Genome Res. 2009 Sep;19(9):1593-605. doi: 10.1101/gr.095190.109. Epub 2009 Jul 6.
DNA methylation stabilizes developmentally programmed gene expression states. Aberrant methylation is associated with disease progression and is a common feature of cancer genomes. Presently, few methods enable quantitative, large-scale, single-base resolution mapping of DNA methylation states in desired regions of a complex mammalian genome. Here, we present an approach that combines array-based hybrid selection and massively parallel bisulfite sequencing to profile DNA methylation in genomic regions spanning hundreds of thousands of bases. This single molecule strategy enables methylation variable positions to be quantitatively examined with high sampling precision. Using bisulfite capture, we assessed methylation patterns across 324 randomly selected CpG islands (CGI) representing more than 25,000 CpG sites. A single lane of Illumina sequencing permitted methylation states to be definitively called for >90% of target sties. The accuracy of the hybrid-selection approach was verified using conventional bisulfite capillary sequencing of cloned PCR products amplified from a subset of the selected regions. This confirmed that even partially methylated states could be successfully called. A comparison of human primary and cancer cells revealed multiple differentially methylated regions.
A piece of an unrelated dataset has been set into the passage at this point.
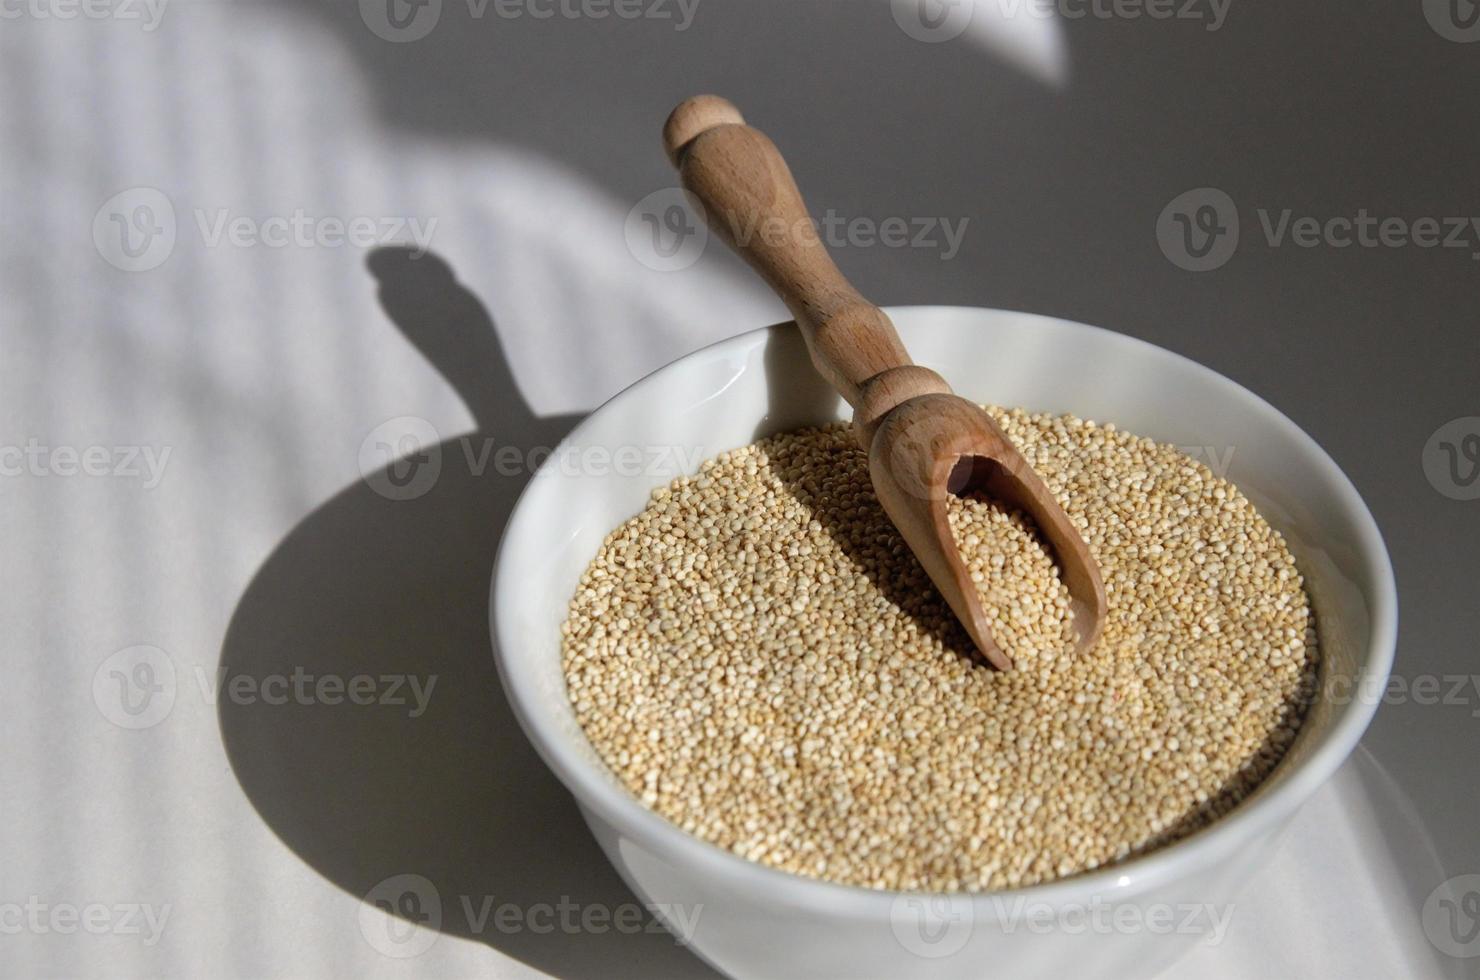 semilla de quinua para una alimentación saludable en un plato blanco con una cuchara. foto de alta calidad

More than 25% of islands showed complex methylation patterns either with partial methylation states defining the entire CGI or with contrasting methylation states appearing in specific regional blocks within the island. We observed that transitions in methylation state often correlate with genomic landmarks, including transcriptional start sites and intron-exon junctions. Methylation, along with specific histone marks, was enriched in exonic regions, suggesting that chromatin states can foreshadow the content of mature mRNAs.
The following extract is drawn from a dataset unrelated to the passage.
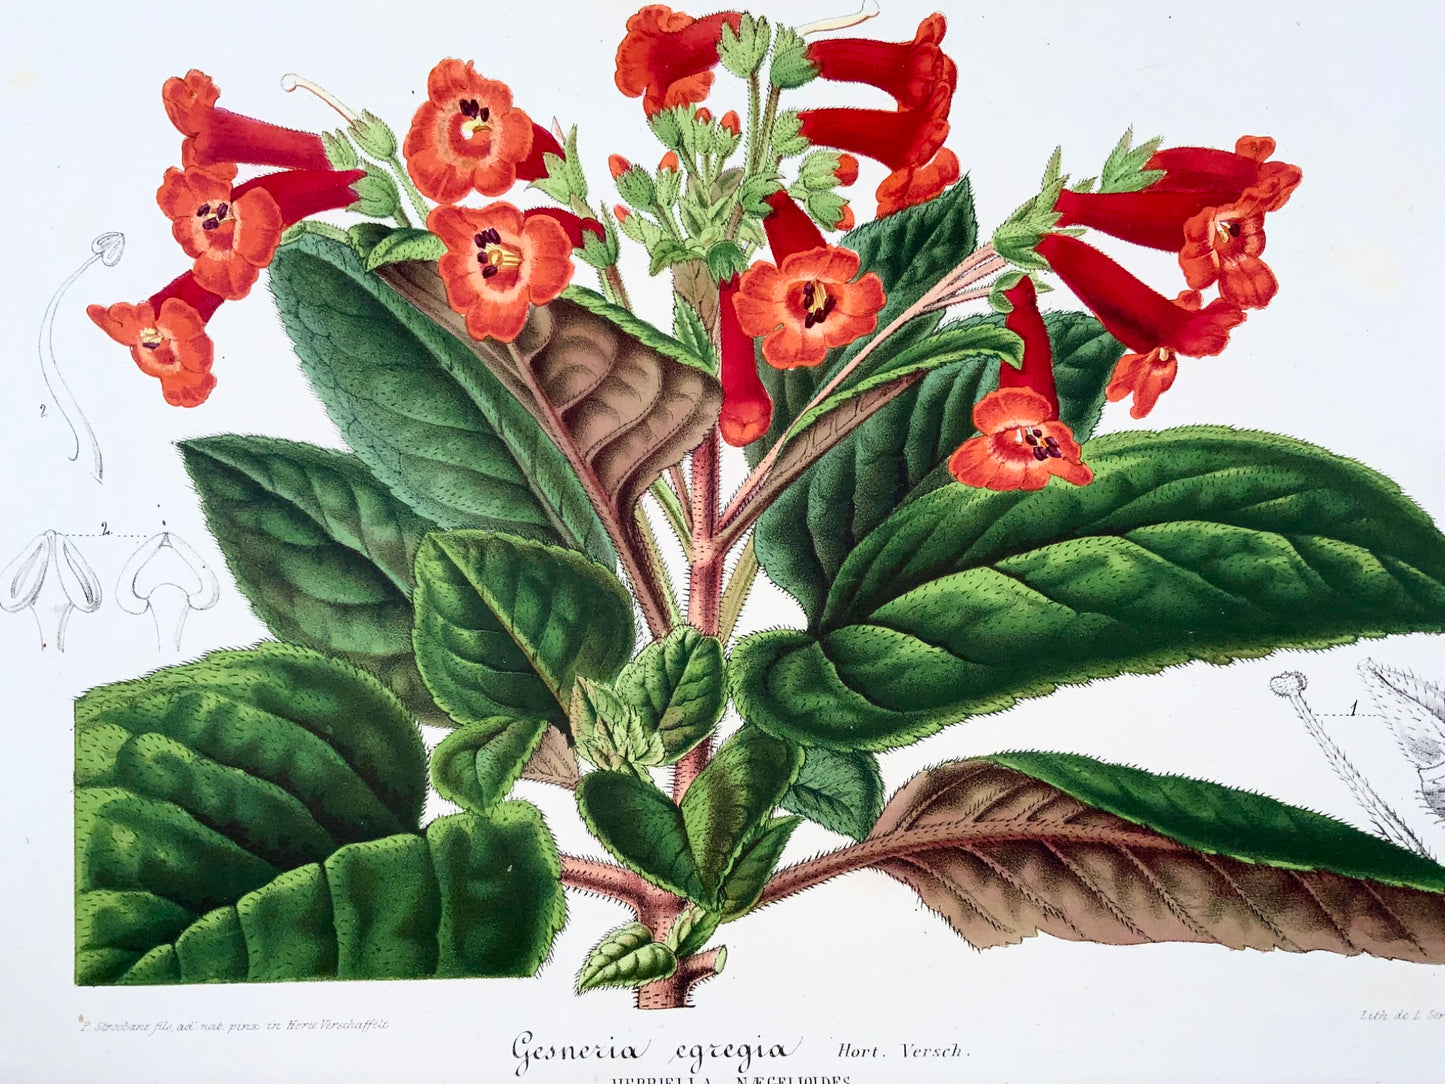 1856 "Gesneria egregia", litografia, colore originale a mano, botanica

DNA甲基化可稳定发育过程中编程的基因表达状态。异常甲基化与疾病进展相关,是癌症基因组的一个常见特征。目前,很少有方法能够在复杂哺乳动物基因组的特定区域进行DNA甲基化状态的定量、大规模、单碱基分辨率图谱绘制。在此,我们提出一种方法,该方法结合基于阵列的杂交捕获和大规模平行亚硫酸氢盐测序,以分析跨越数十万碱基的基因组区域中的DNA甲基化。这种单分子策略能够以高采样精度定量检测甲基化可变位点。使用亚硫酸氢盐捕获技术,我们评估了324个随机选择的代表超过25,000个CpG位点的CpG岛的甲基化模式。Illumina测序的单条泳道能够明确确定>90%的目标位点的甲基化状态。通过对从所选区域的一个子集扩增的克隆PCR产物进行常规亚硫酸氢盐毛细管测序,验证了杂交捕获方法的准确性。这证实了即使是部分甲基化状态也能被成功检测到。对人类原代细胞和癌细胞的比较揭示了多个差异甲基化区域。超过25%的岛屿显示出复杂的甲基化模式,要么是整个CpG岛由部分甲基化状态定义,要么是在岛内特定区域块中出现对比鲜明的甲基化状态。我们观察到甲基化状态的转变通常与基因组标记相关,包括转录起始位点和内含子 - 外显子连接点。甲基化与特定的组蛋白标记一起在外显子区域富集,这表明染色质状态可以预示成熟mRNA的含量。